Why Your Email Is Not Secure
Email has become a primary means of communication for many people. We often dash off a quick message without considering security risks. It's cheaper and faster than 'snail mail', but is it more secure?
What happens to your email when you click "Send" ? It's important that you have some understanding because you'll probably be surprised.
How does Snail Mail work?
A slang term for the United States Postal service is "Snail Mail". Referring to (mostly) harmless mollusks doesn't imply that your letters will get slimy or be delivered to you in tiny shells. Snails are perceived as slow-moving creatures; the US mail is slow-moving compared to electronic mail.The term is not intended to be complementary.
Drop a letter in a mailbox. It magically appears at the recipient's mailbox a day or two later, hopefully. Betwixt and between, who knows? Knowing who handled it or where it traveled is problematic. The stamp cancellation may give some clue, but any other intermediate stops cannot be determined. Careful examination of the envelope usually tells us that the package wasn't tampered with, but we can never be completely sure. Perhaps a bored clerk in Poughkeepsie steamed it open for lunch hour entertainment. Perhaps it passed through numerous automated sorting machines, never to be touched by human hands until a trusted mail carrier dropped it in your mail slot. We simply don't know.
How does electonic mail work?
Electronic cannot be steamed open by unscrupulous intermediaries, but technology presents another set of opportunities. Compose an email, click send, and a few seconds later your message arrives on the other side of the world. How'd it get there?
Your message moves across the world in the form of electrons. Electrons move at the speed of light. For example, the sun is 92 million miles away; its light reaches us in 9 minutes. Theoretically your email could travel around the world (25,000 miles) and back to you in .15 seconds. As fast as email appears to be, our experience tells us that transmitting a message usually take at least a few seconds. What are those electrons doing with their 'down time'?
Your email hops around
You compose a birthday greeting for dear old Aunt Mabel and click send: your email electrons move through multiple computers on their way to Aunt Mabel's inbox. Each computer is referred to as a hop. The process of determining a reasonable sequence of hops is called routing. Routing is not trivial; every hop wastes time and consumes space in the Internet pipeline. Ideally, a direct route from your hard drive to Aunt Mabel's hard drive would be available, but that hasn't yet been invented. Instead, you depend on the kindness of numerous intermediate servers to relay your kind words across the Internet. Even if Aunt Mabel is living in your spare bedroom, sending her an email requires multiple hops through remote Internet servers. You could always buy her a Hallmark card and deliver it personally.
What happens at each hop?
Each hop makes a copy of your message. The copy may persist for a few microseconds or it may live on for eternity. You have no control. It may be backed up onto a tape drive. Rest assured that most email servers have no interest whatsoever in Aunt Mabel's birthday card. Generally, a computer acting as a relay will save your message long enough to be sure that it arrived safely at the next relay point, then delete it.

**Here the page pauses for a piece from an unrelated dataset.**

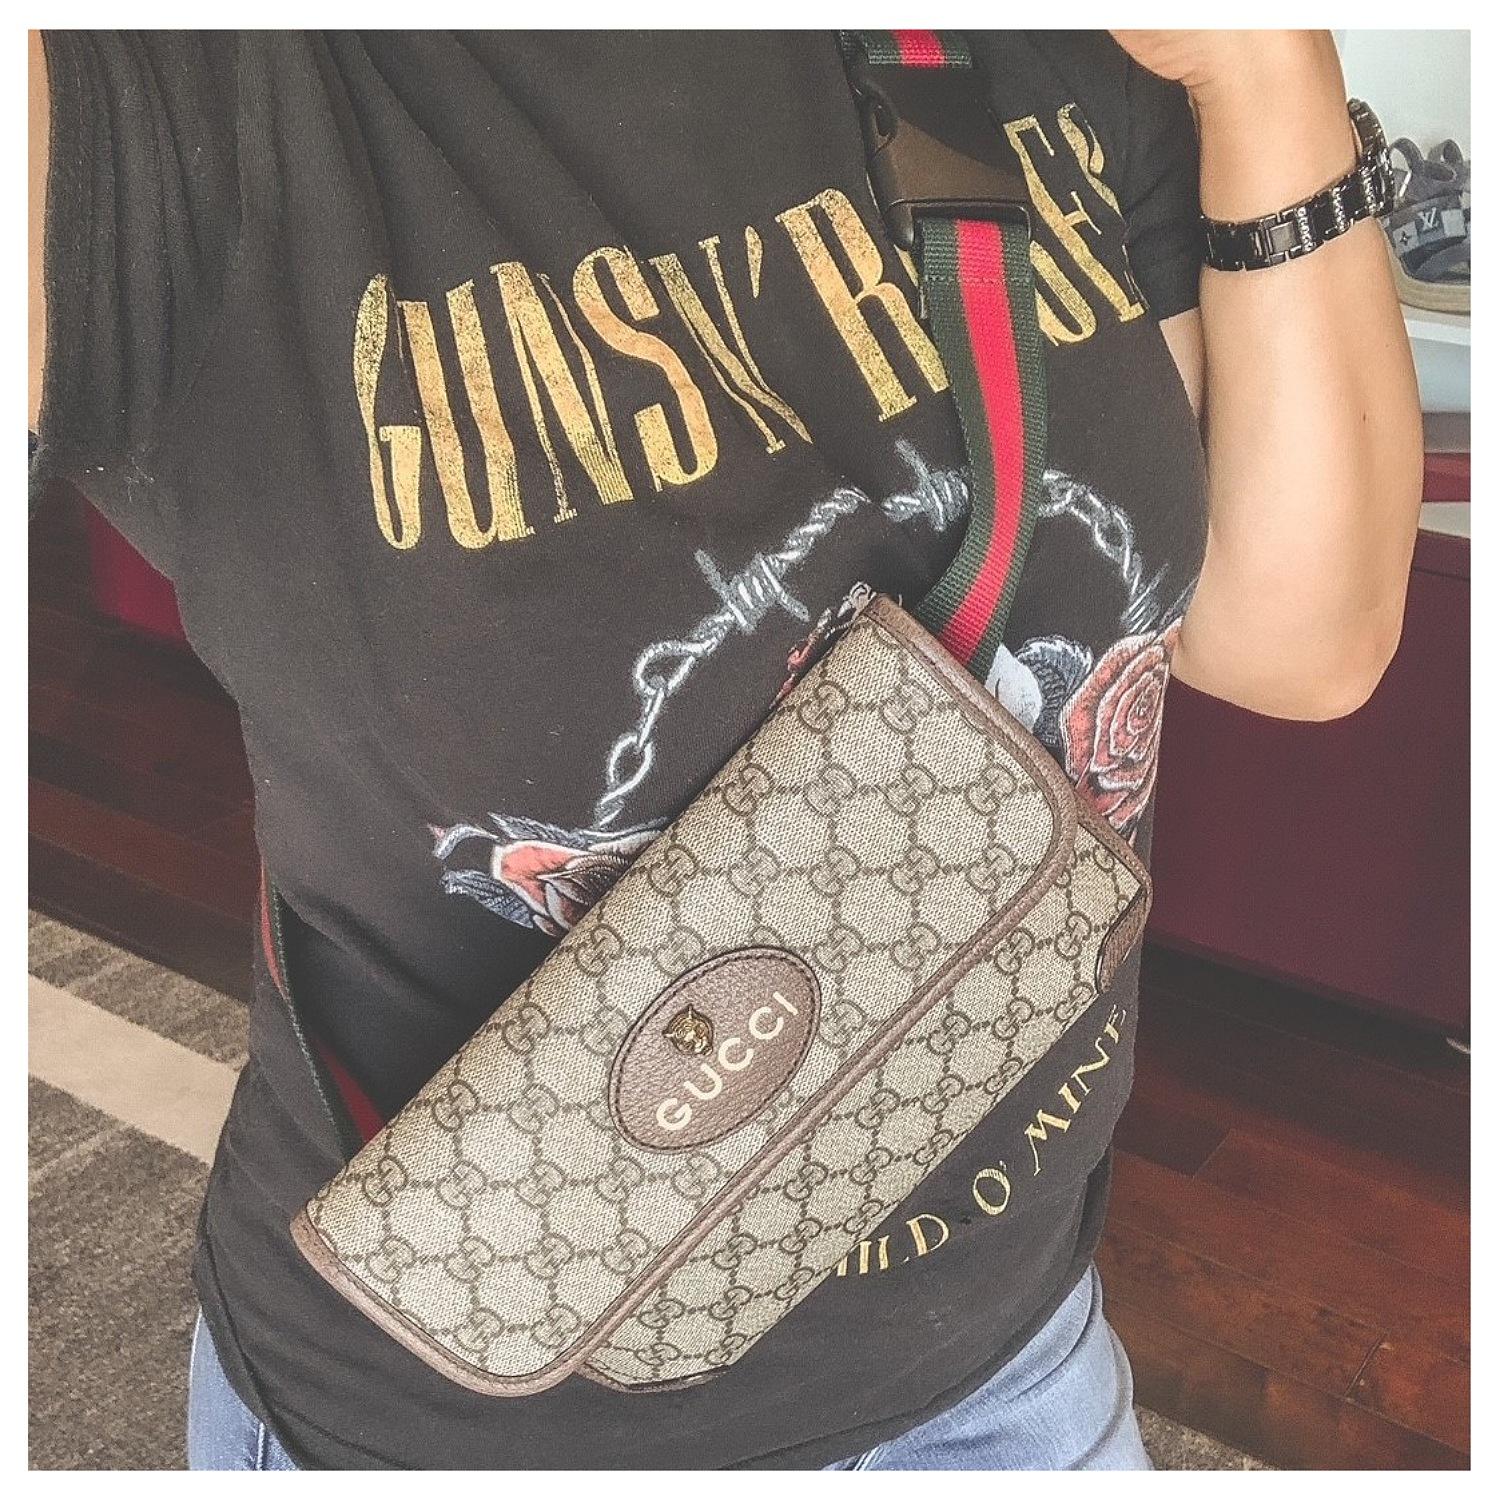 The belt bag in GG Supreme has a retro influenced design. Trimmed with leather, the style is meant to be worn along the waist, secured with a Web strap and buckle closure. Features an oval Gucci leather tag with feline head. Can be worn as a belt

On the other hand, a relaying computer may be scanning every email that passes through. Innocent best wishes to Aunt Mabel could be scanned for words,phrases, recipients, or attachments. You have no guarantee of privacy whatsoever.
Consider your client
A client software program is the tool that lets you create and edit email. The client then passes your message to a server software program that begins the routing process. Email users generally fall into two categories; those that use a local client and those that use a web based client. Popular local clients are Thunderbird, Outlook, and Outlook Express. Popular web-based email clients are Gmail (Google), Yahoo Mail, and Hotmail. Local clients live on the computer sitting in front of you; copies of your mail reside on your hard drive. Web-based clients store virtually no information on your local computer. All your transactions exist on a computer somewhere in cyberspace (these days referred to as 'the cloud').
Which client is more secure? That depends on who you trust. An enterprising hacker may be capable of guessing your Gmail password, so from that perspective your local computer may seem more secure. On the other hand, a nasty virus may provide a hacker in Yugoslavia with the keys to your local kingdom; your entire email history could be downloaded without your knowledge. It's also extremely unlikely that Google servers will all crash at the same time. Sometimes it's safer to trust the cloud with your data, but each one of us must make that decision.
Conclusion
Electronic mail as employed by most users is not at all secure. Messages pass through different servers before arriving at final destinations. Text and attachments can be read or scanned without the consent of either party.